Mikail and his guards were congregated in the center of the gym as Vladimir approached and began to share his report. Mikail and his people, who were discussing where next to search for Vasily, paused as Vladimir brought them up to speed on his failed hunt.
The group of men stood and talked around a table laden with a rudimentary mockup of Warwick, tracing with their fingers several possible alternatives. There was a quiet, scientific exactitude to their conversation, and just as they were beginning to argue about whether two crossing streets had been properly searched, and just as Vladimir was trying to assure them that they had, the doors to the gym burst open and events accelerated.
Thinking that he had more than half of his twenty-four hours left, and planning to use all of them before surrendering, Mikail was quite surprised when the Spetznaz leadership, along with the coalition spokesman, rushed into the gym and arrested everyone among the revolutionary leadership on the spot. “Gentlemen, surrender your arms,” said Yuri Belov, newly elected spokesman for the townspeople. In Russian, the words sounded like an overly harsh insult.
Mikail and Vladimir looked at the array of Special Forces, their guns pointed down toward the ground but their muscles tensed, ready to respond if coercion was needed. Mikail realized that it would be hopeless to resist. He glanced at Vladimir, fearful for a moment that, knowing no other language than power, he might attempt to fight his way out. He raised his hands to waive off this possibility and spread them calmly, as if in supplication. A Spetznaz solider approached and placed handcuffs around his upturned wrists.
The dismantling of Mikail’s team proceeded quickly, in a manner common throughout history to that of all failed revolutionary movements. Those few at the top were held accountable for the actions of the many beneath. Low-level gunmen and soldiers of the Youth Revolutionary Forces were only arrested if they were guilty of some particularly heinous crime. For the most part, the foot soldiers just switched sides. Most of them, in fact, were re-tasked as gophers and servants to the Spetznaz teams and their new coalition overlords.

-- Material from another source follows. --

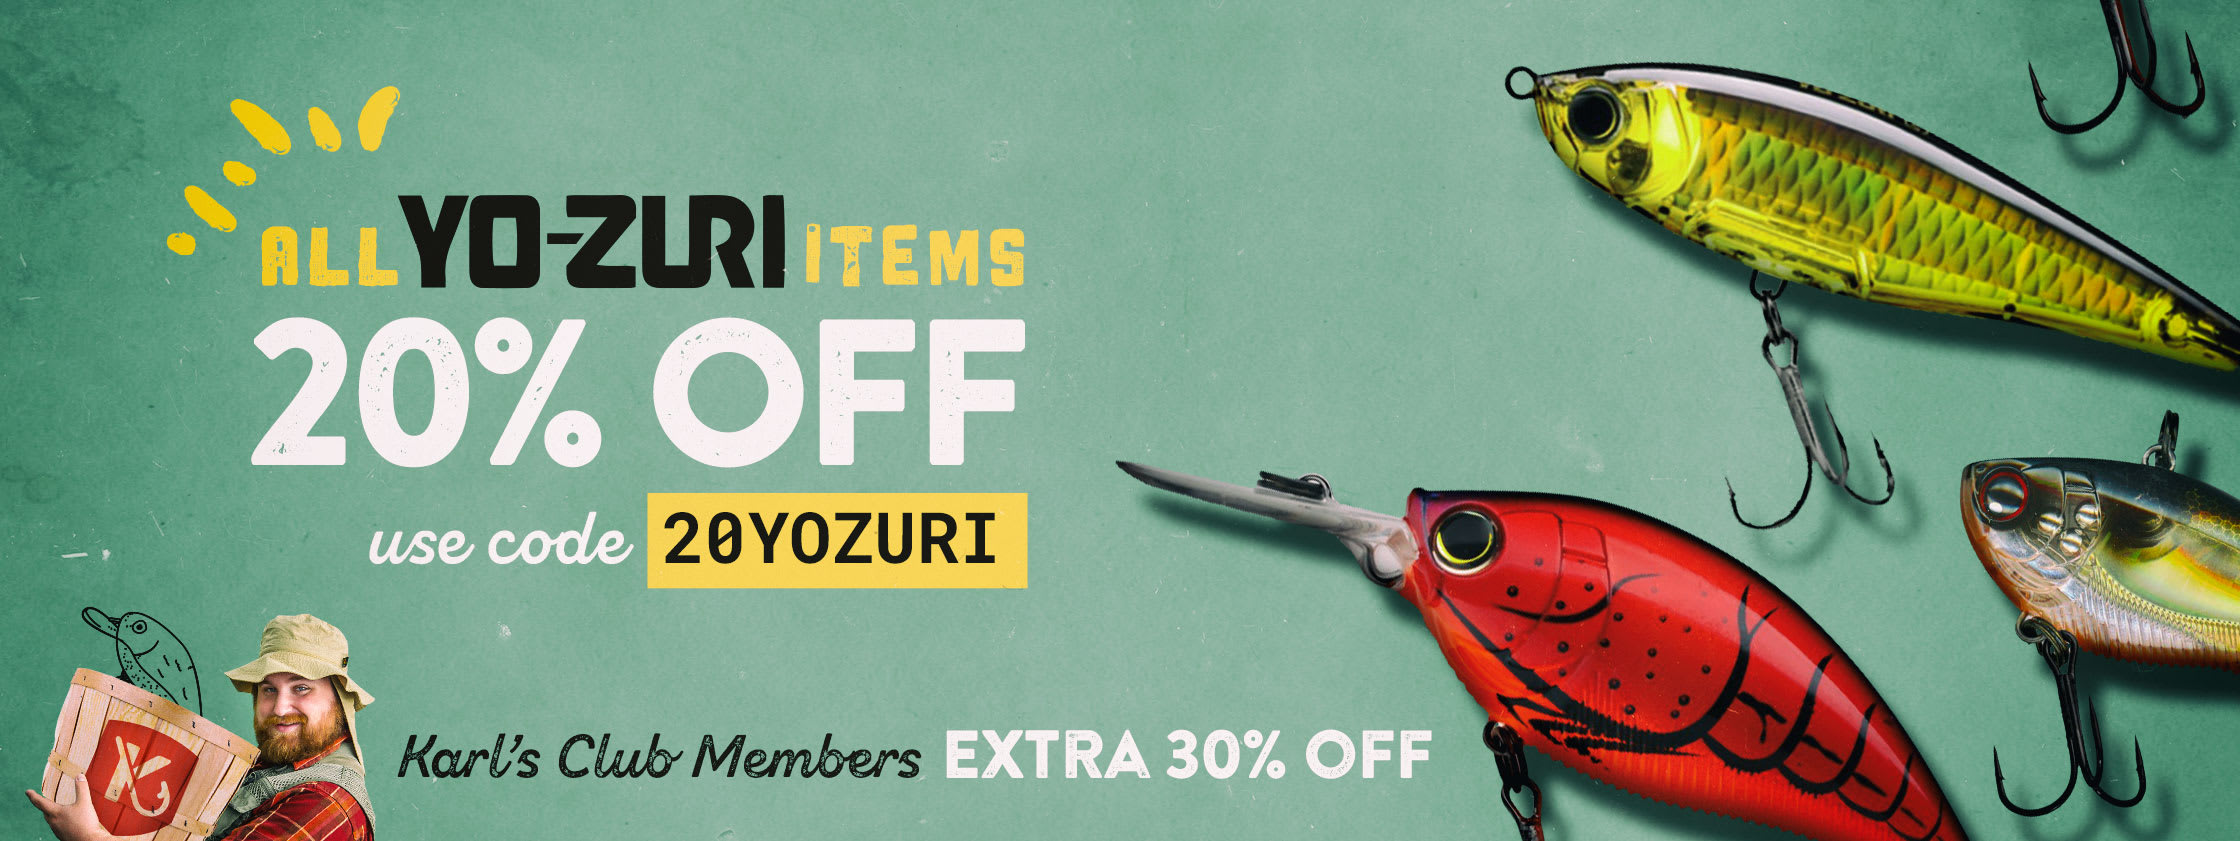 20% off YoZuri Items

If it seemed from this ceremonial display that the Spetznaz were now in the control of the people, a quick inspection of the entire gym would have put that notion to rest. At that very moment, the Russian officers in the basement kept up their work interrogating the oldlings, working with battery-powered lights that had been protected from the EMP. They worked their interrogations as if no change in regime had taken place at all, because for them, it had not. They cared not who was nominally in charge, since the interrogation of the old spies, the collection of intelligence, had been the only reason for all of this anyway. Front-men come and go… presidents, prime-ministers, magistrates, even revolutionaries, and they are deceived if they think that their power is anything other than illusory. The Russian agents were preparing their case, laying the predicate for what would eventually come. The broader war could not commence until the Russians knew the names and whereabouts of every Warwickian in Russia. In the Russian homeland, a thorough search through houses, a turning over of stones, and the intensive location of traitors who would be held accountable for their actions would take place one day based on their findings.
Recriminations.
Occasionally, or maybe intermittently, like the pause between swipes of a wiper blade across a windshield in a rainstorm, a body would be hauled up from the locker rooms. It looked like that moment of clarity between the blades, if only one could see it between the drops of rain that otherwise pummeled one’s vision and spread out on the protective glass leaving only an impression of reality. Two soldiers were walking upward on the stairs, struggling, lifting a body bag which they would then carry to the doors of the gymnasium, swaying from side to the side with the dead weight of a new corpse, hauling the contents to be buried in the field behind the gymnasium.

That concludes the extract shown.